Supplied material:

*** Begin section ***

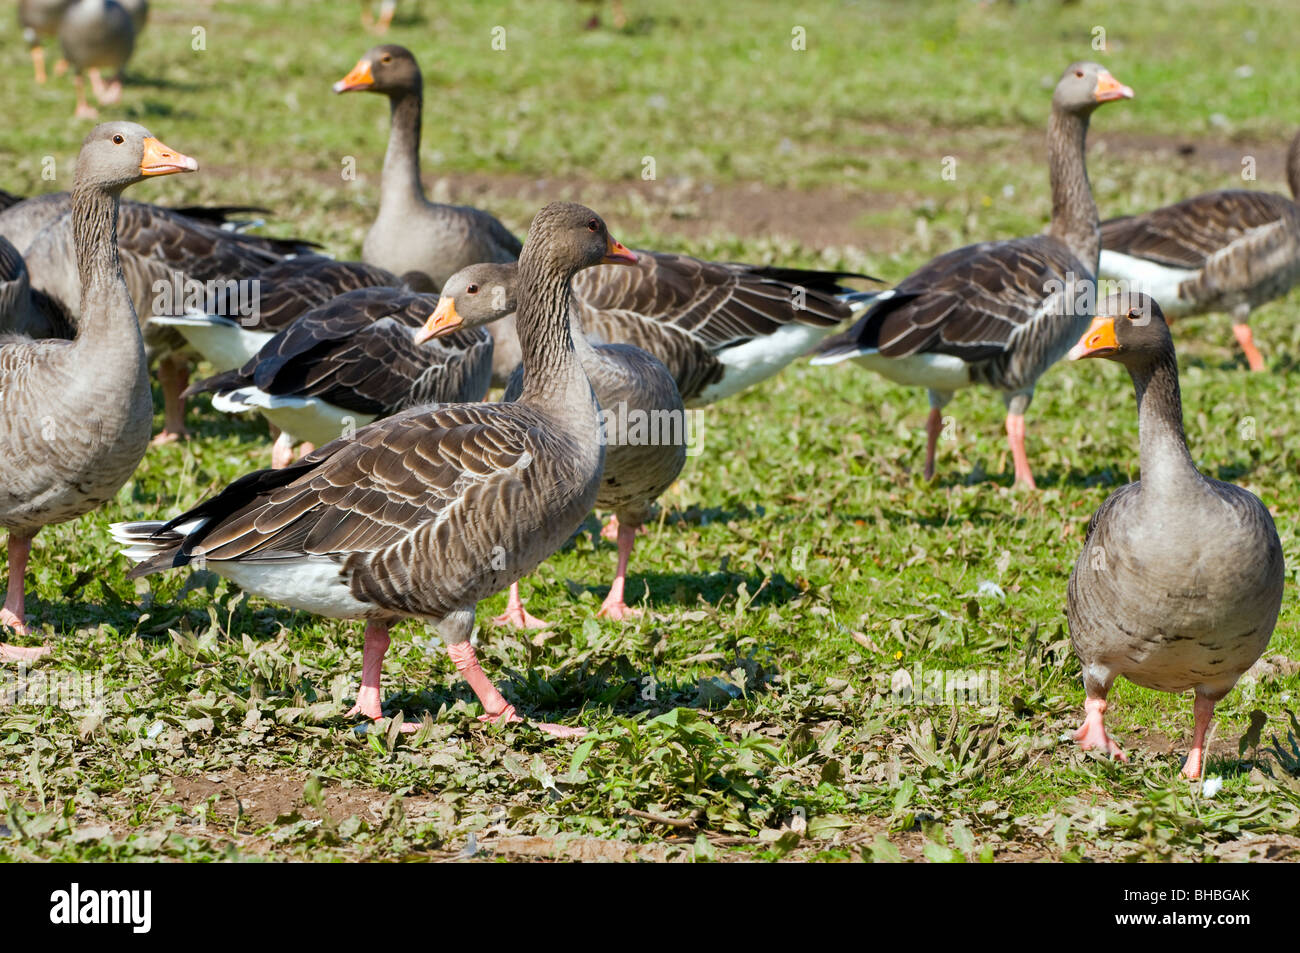 Gaggle, or flock, of greylag geese in grassy field taken in Laide, Wester Ross, Scotland Stock Photo
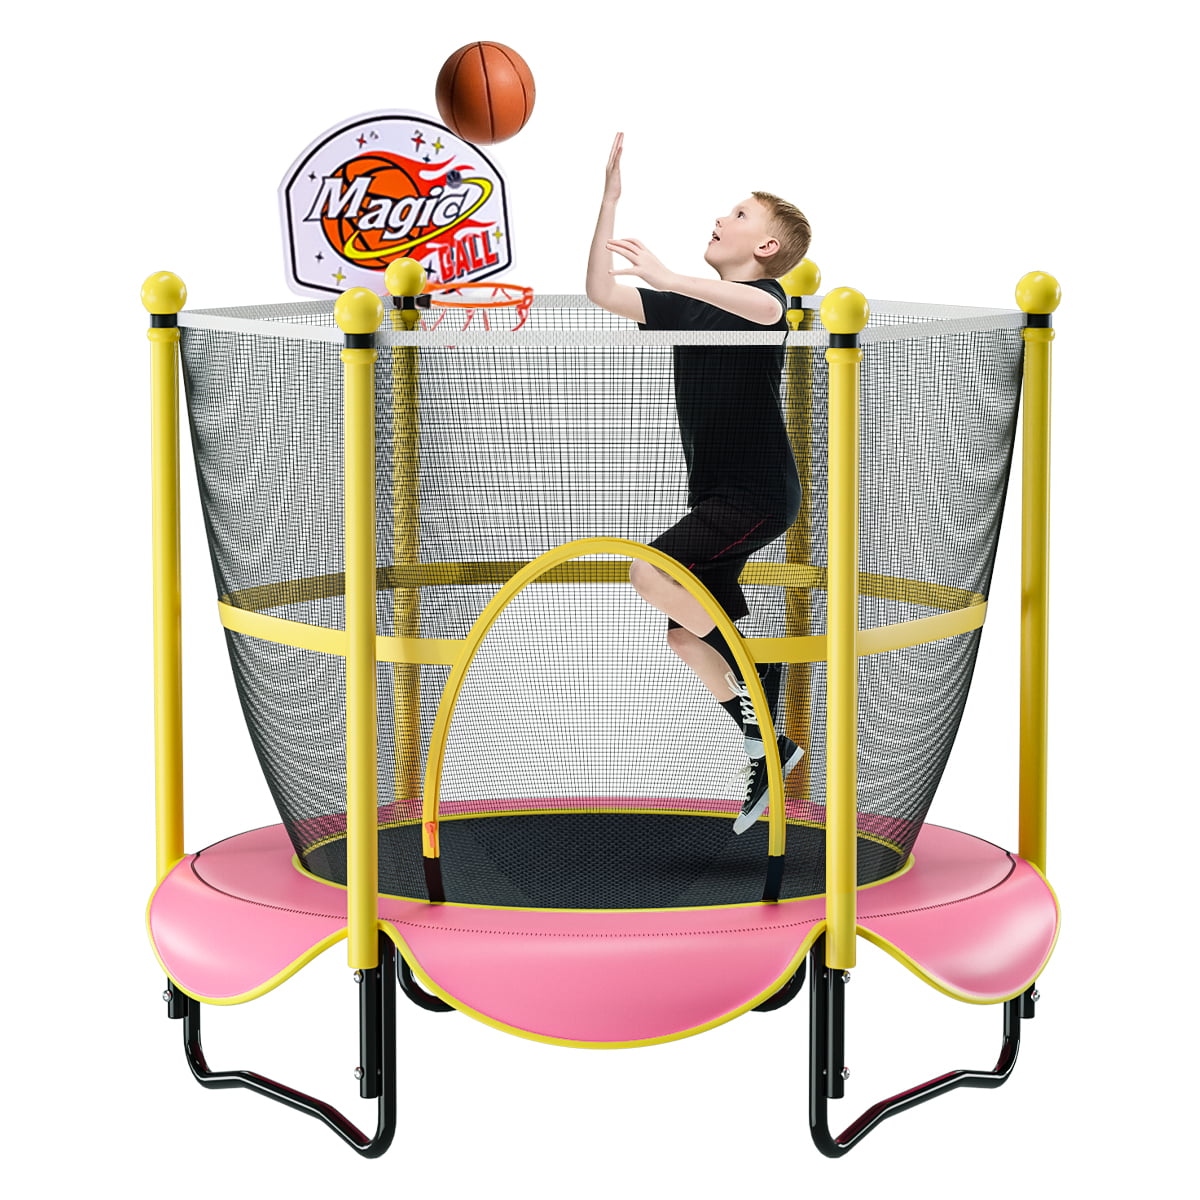 5FT Kids Mini Jumping Round Trampoline Exercise W/ Safety Pad Enclosure Combo 
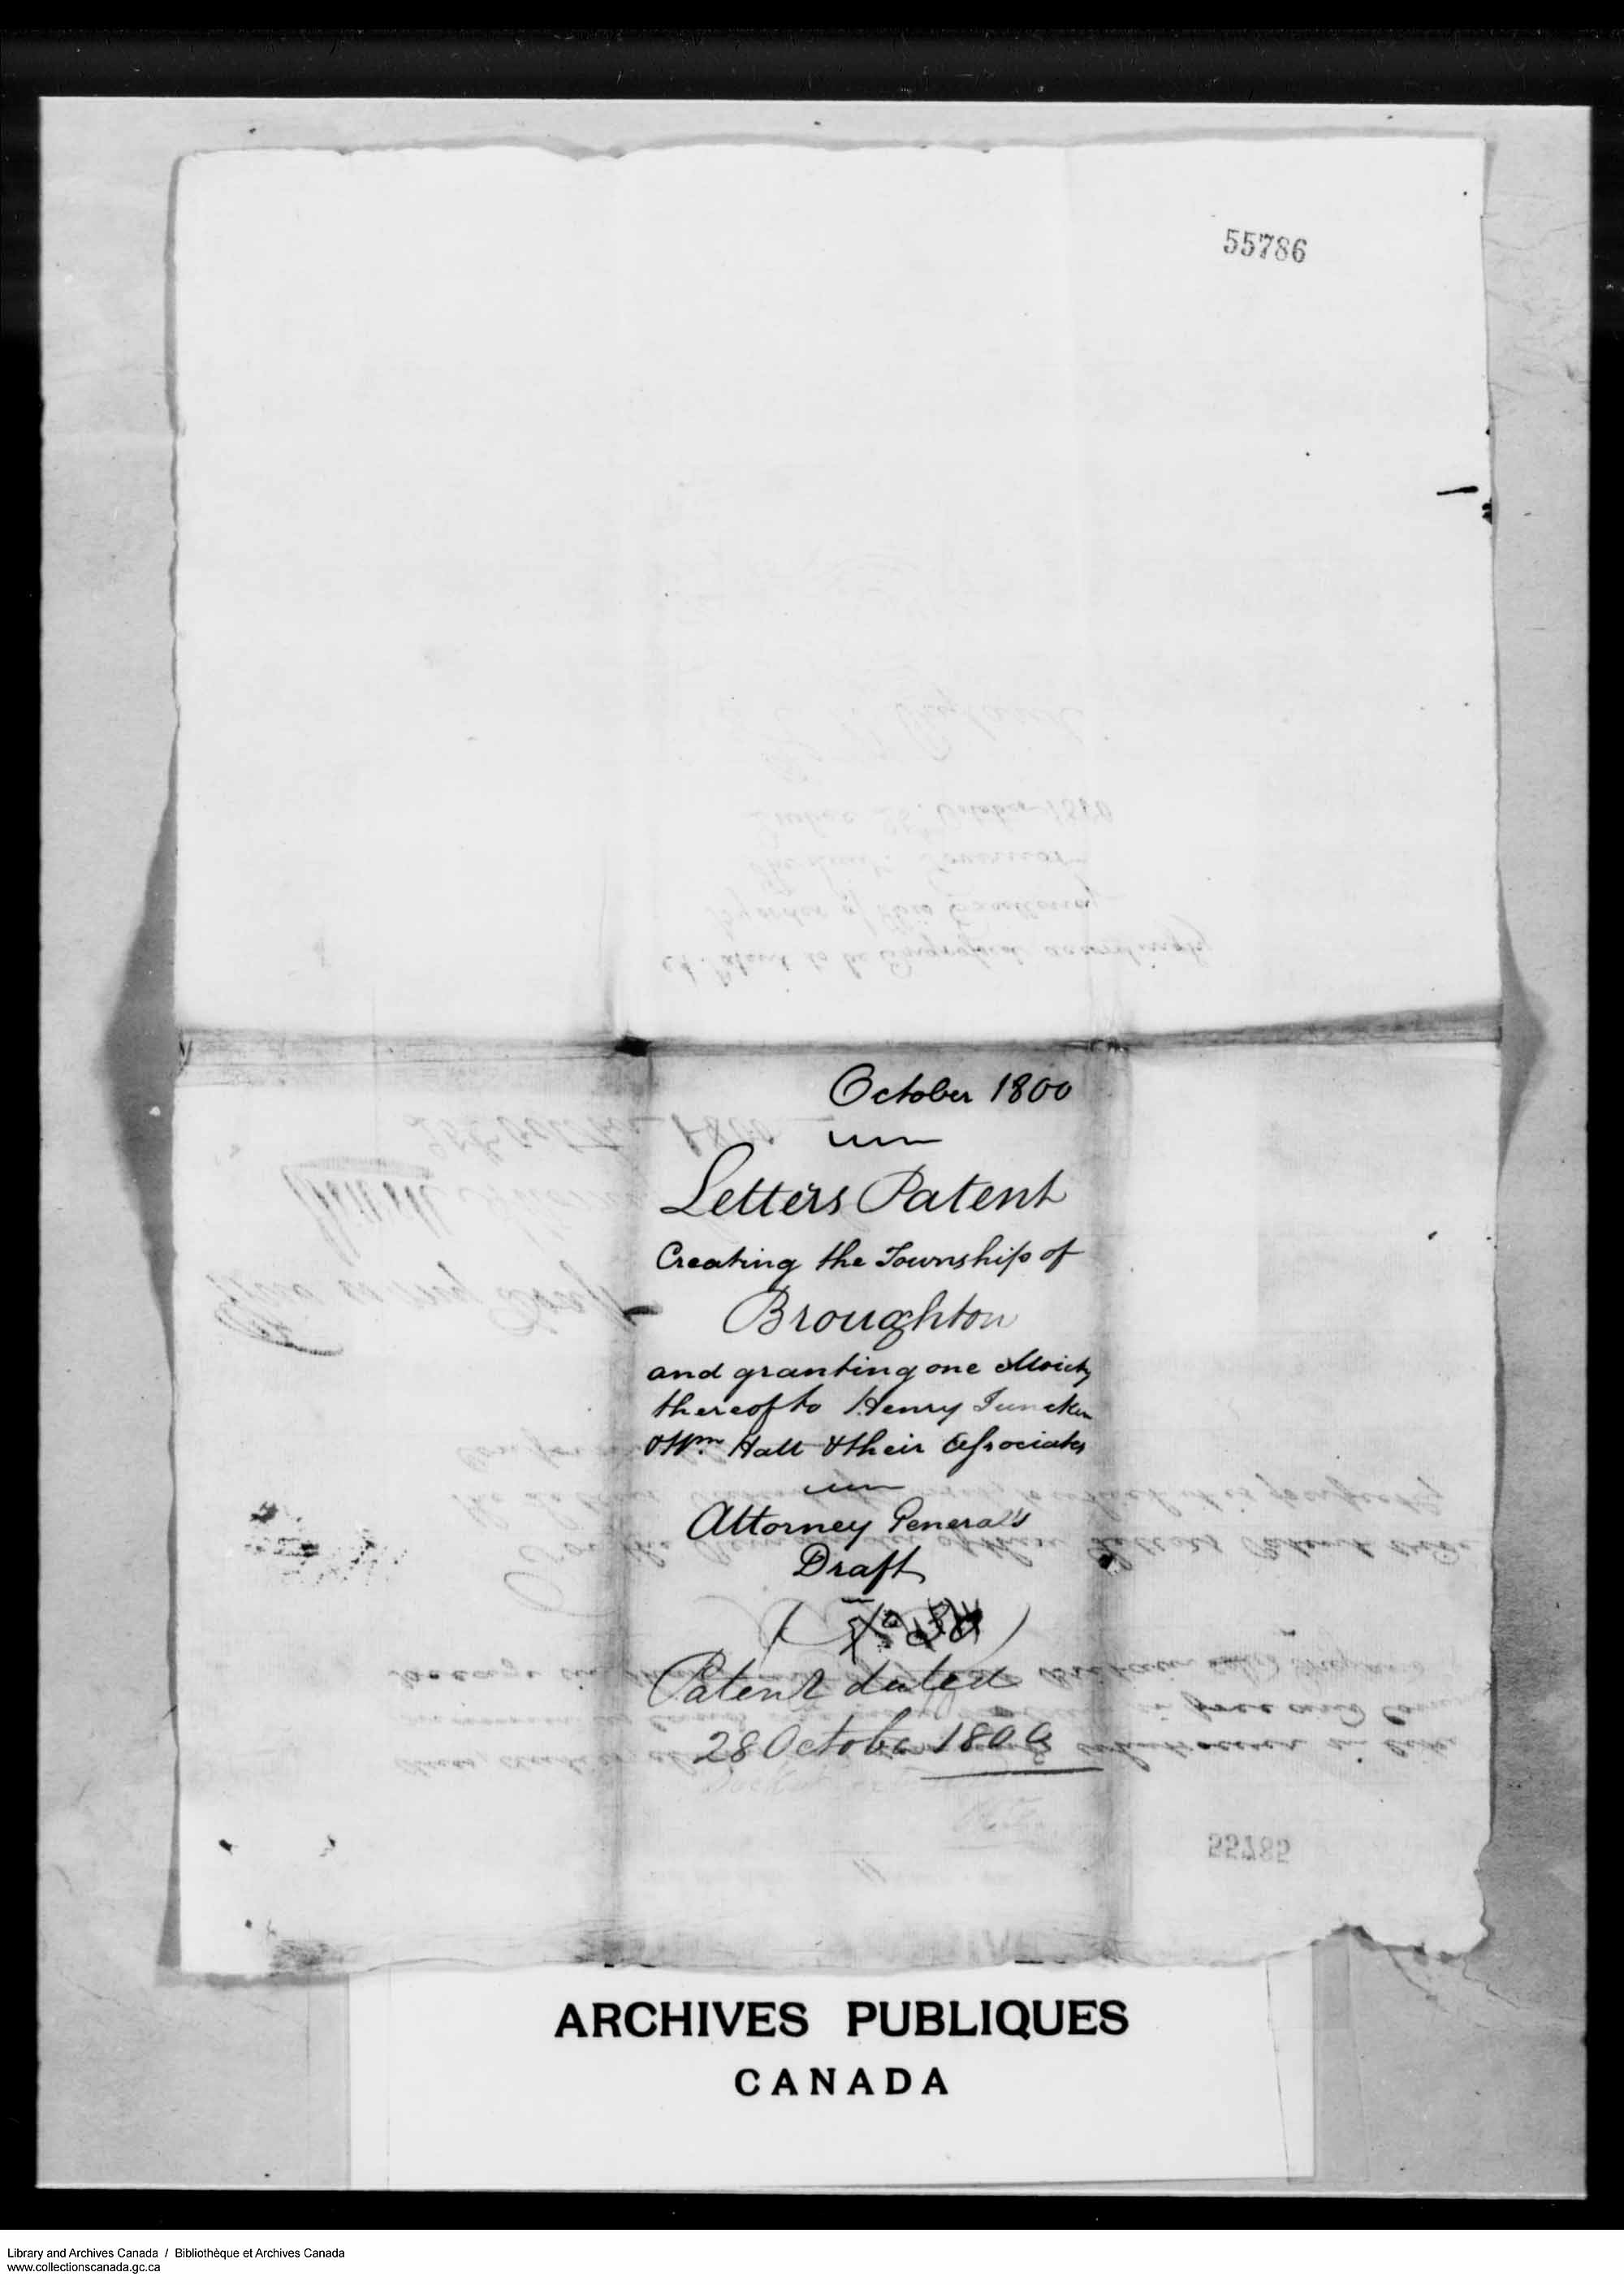 Digitized page of  for Image No.: e008700274
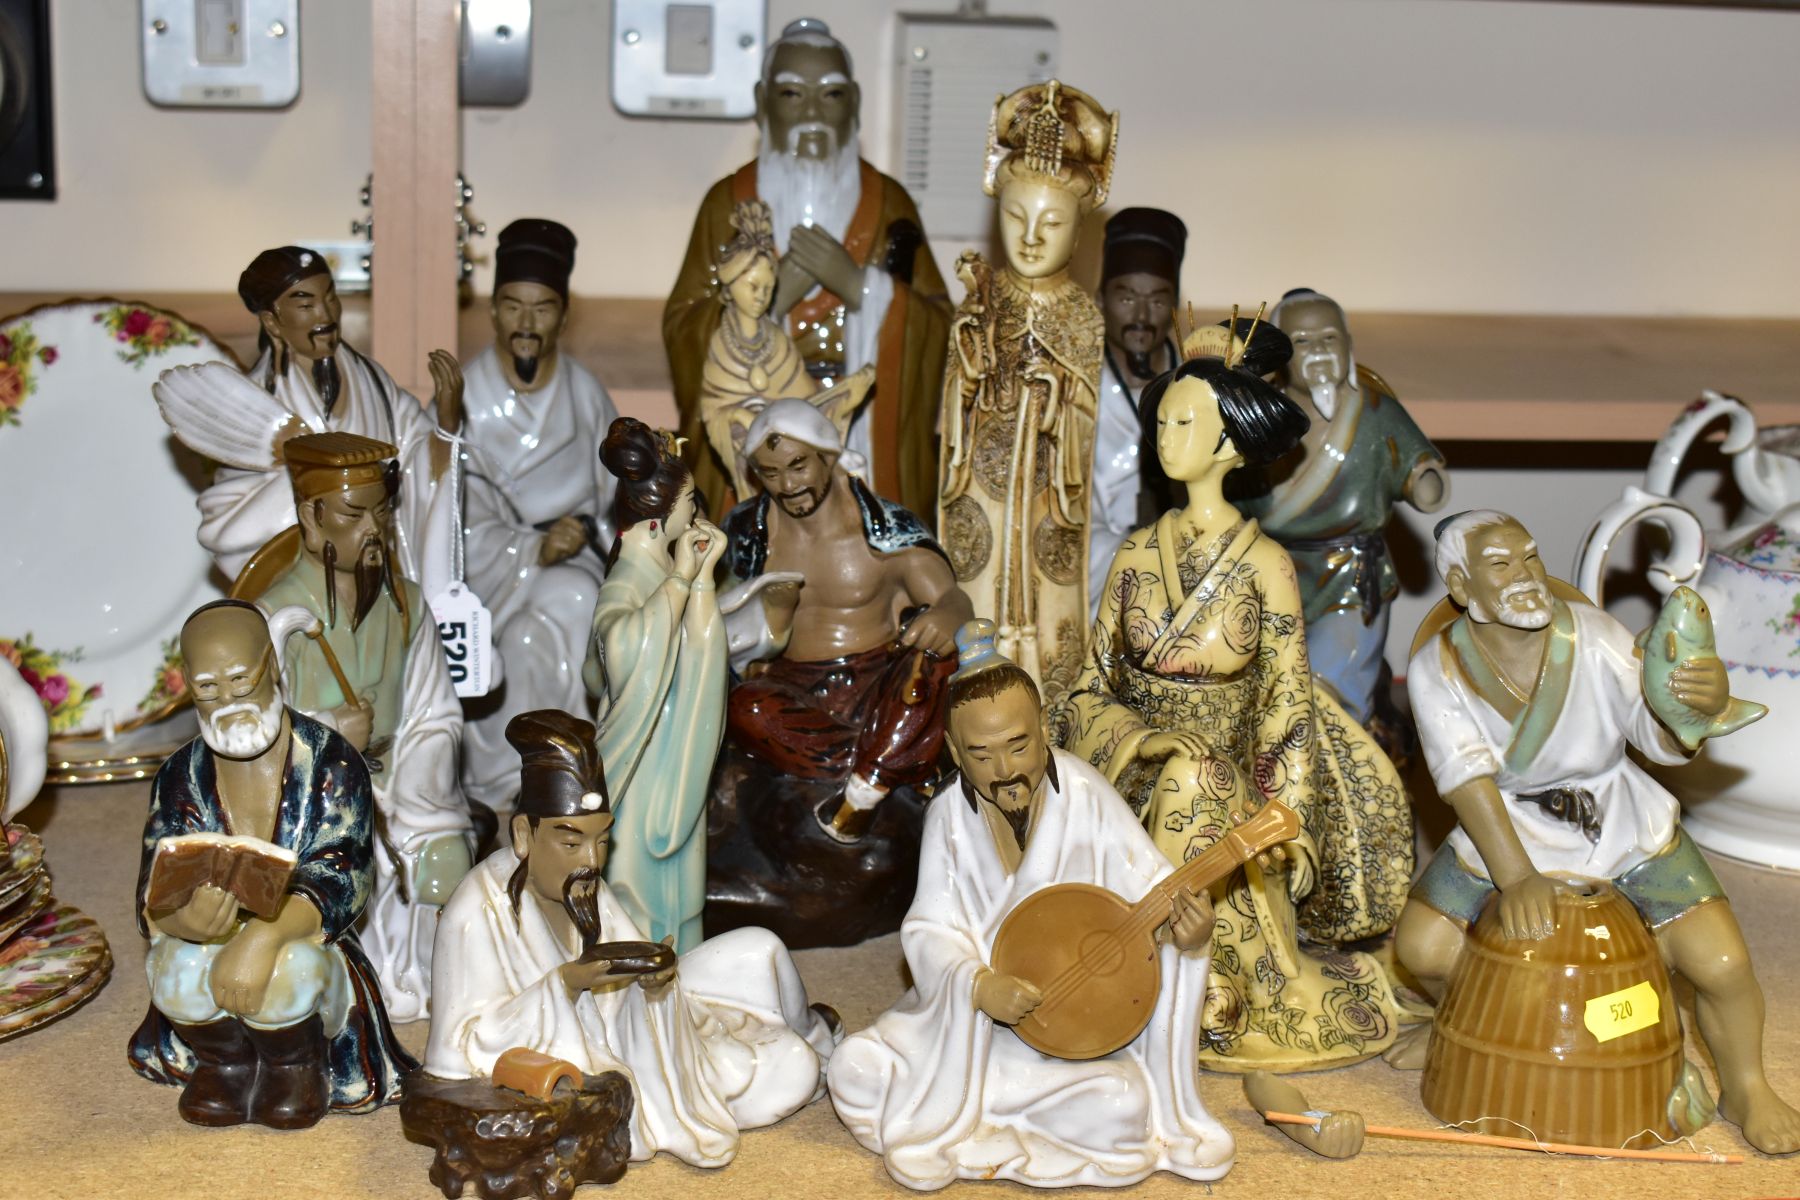 A GROUP OF MODERN ORIENTAL FIGURINES, to include fifteen figurines featuring people reading, fishing

*** End section ***

Assigned task:
The copy must begin at the line containing "Digitized page of" and end at the last line of the data above, with every line retyped exactly and no pictures included.

Problem solution:
 Digitized page of  for Image No.: e008700274
 A GROUP OF MODERN ORIENTAL FIGURINES, to include fifteen figurines featuring people reading, fishing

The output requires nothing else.